On machine learning, the nature of knowledge and intelligence, associations, predictions, and explanations.
1. Noam Chomsky on Machine Learning
Recent advances in machine learning have revived an old criticism: that these systems do not possess genuine knowledge. Noam Chomsky has long voiced doubts of this kind. More recently, he co-authored an essay predicting that machine learning “will degrade our science and debase our ethics by incorporating into our technology a fundamentally flawed conception of language and knowledge.”
Chomsky’s main concern is with the statistical nature of these methods. Machine learning systems operate without explicit programming, instead identifying patterns in data and making predictions based on them. This, Chomsky argues, is not how the human mind works. The human mind is not “a lumbering statistical engine for pattern matching”. It does not seek “to infer brute correlations among data points” but “to create explanations”.

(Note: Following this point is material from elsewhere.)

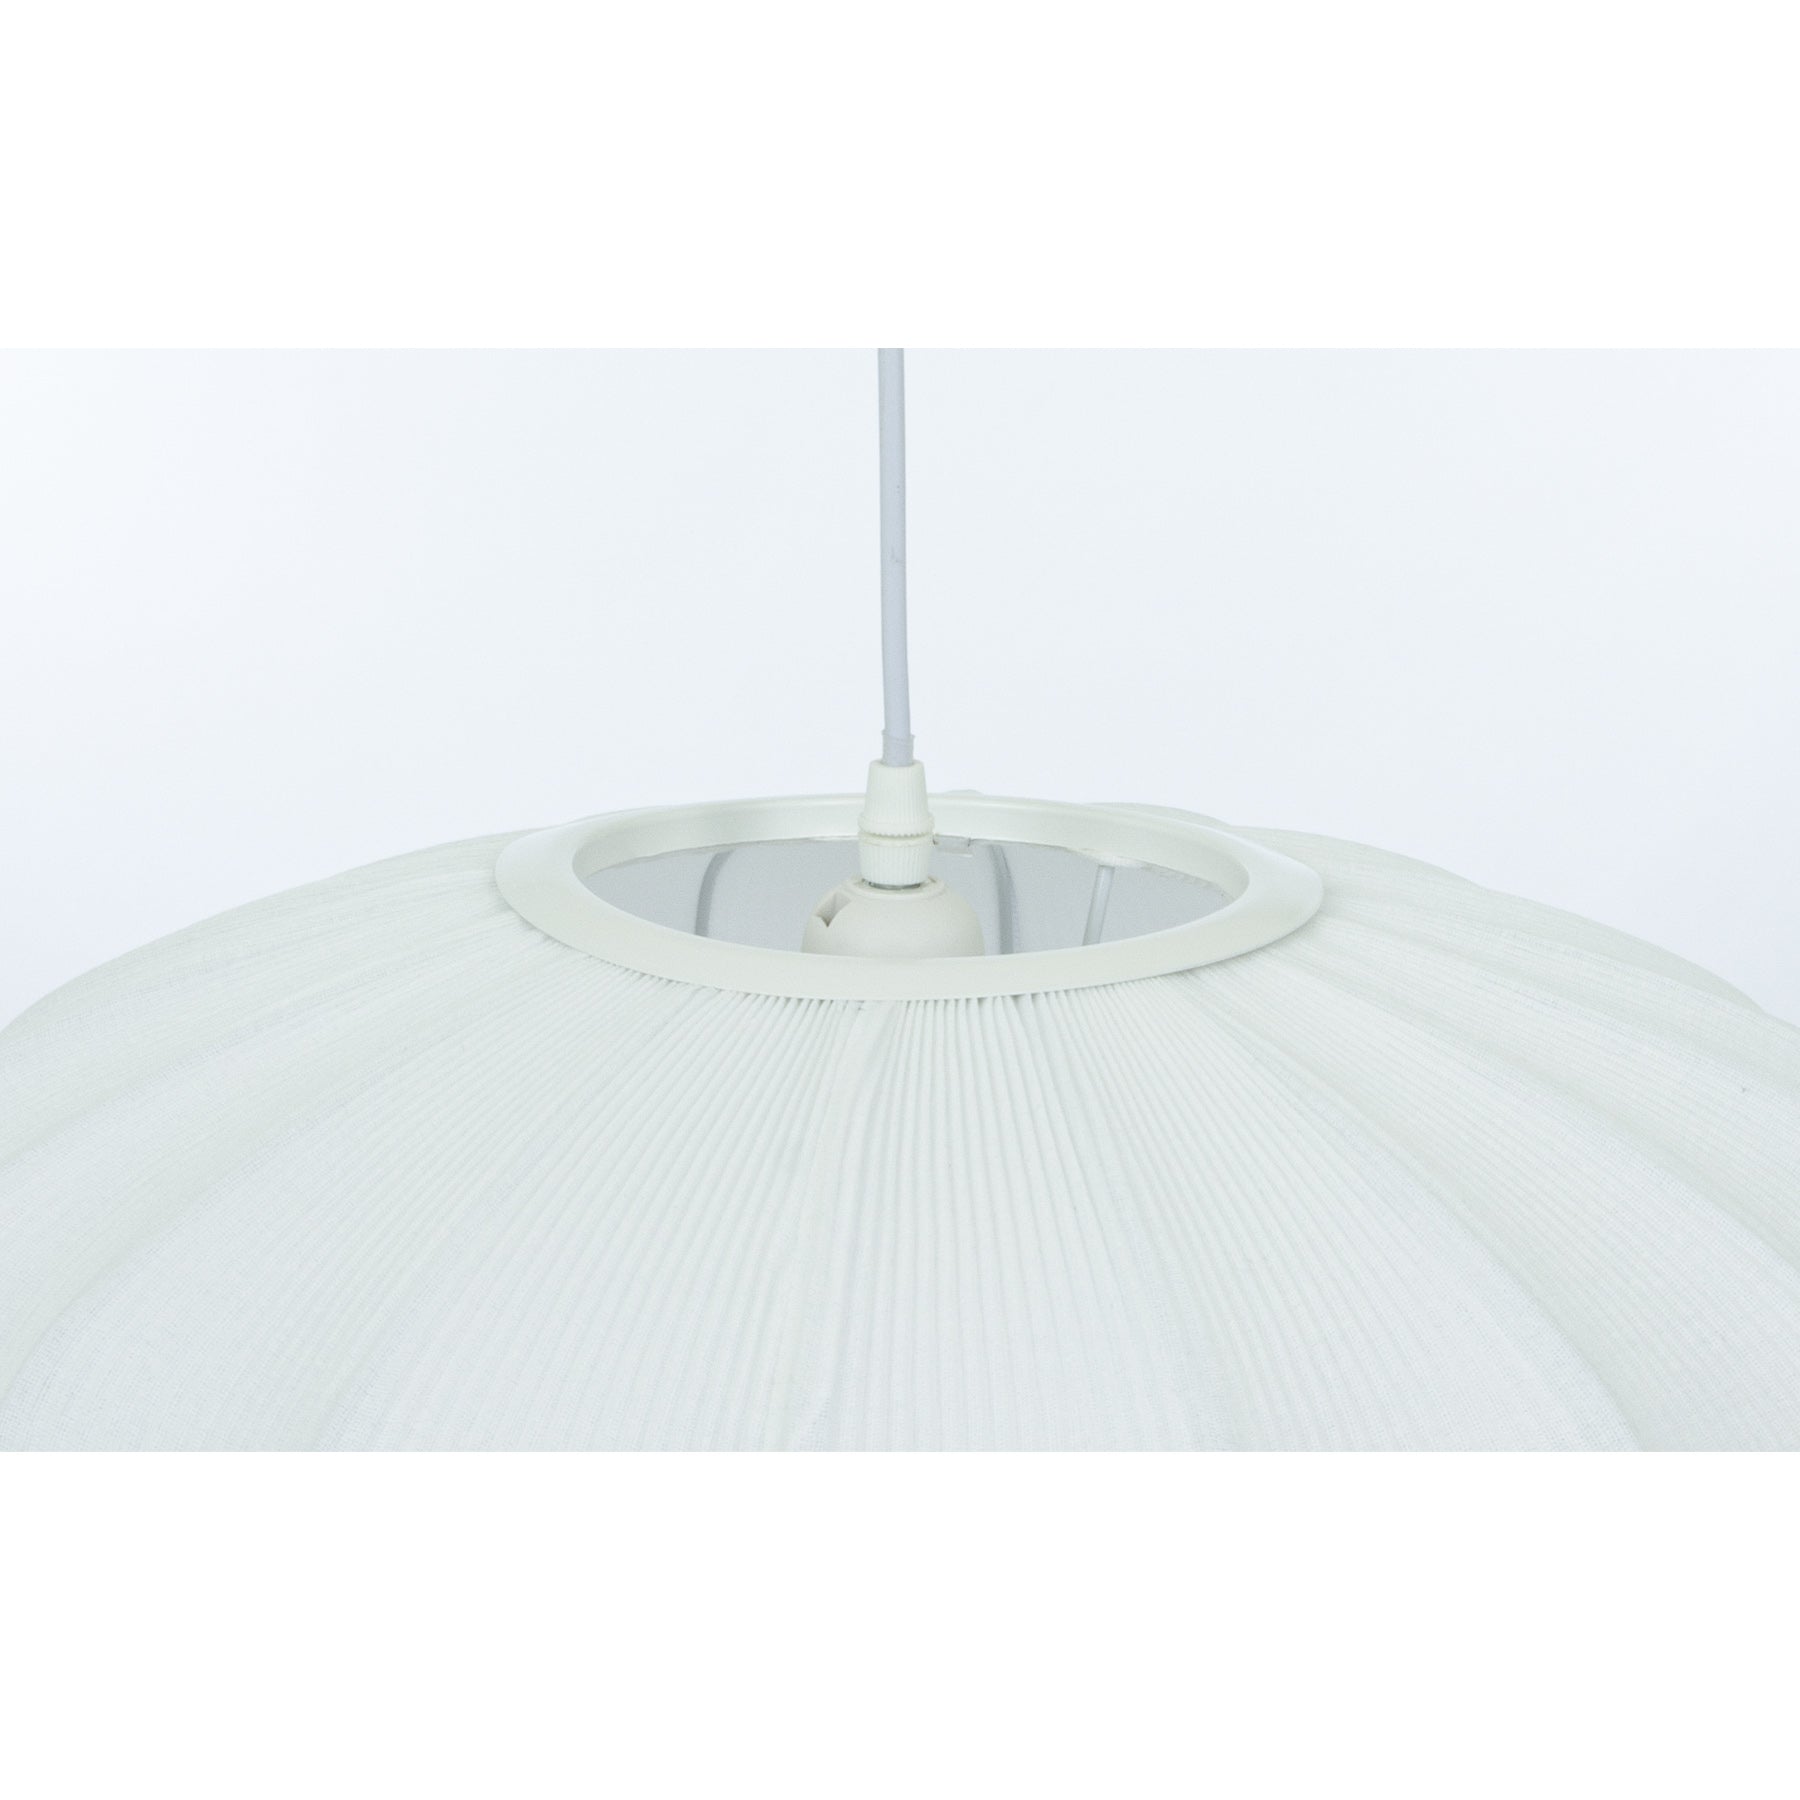 Opphenget til Mamsell taklampe pendel rund med diameter 45cm trukket i hvit tekstil rundt en ramme i hvit metall - Aneta belysning

This skepticism follows naturally from Chomsky’s broader intellectual commitments. Referring to Plato’s Meno—where Socrates shows how an uneducated slave can exhibit knowledge of geometric principles with only a few prompts—Chomsky asks: How does a child acquire so much knowledge so rapidly, with so little evidence? Like Immanuel Kant, he recognizes the selectivity that must originate from us against the shower of data to which we are exposed. And like Plato and Kant, his answer to the possibility of knowledge involves something innate to human nature.
Chomsky views the mind as composed of inborn, interacting faculties. Each faculty operates according to distinct, domain-specific rules that produce various mental phenomena.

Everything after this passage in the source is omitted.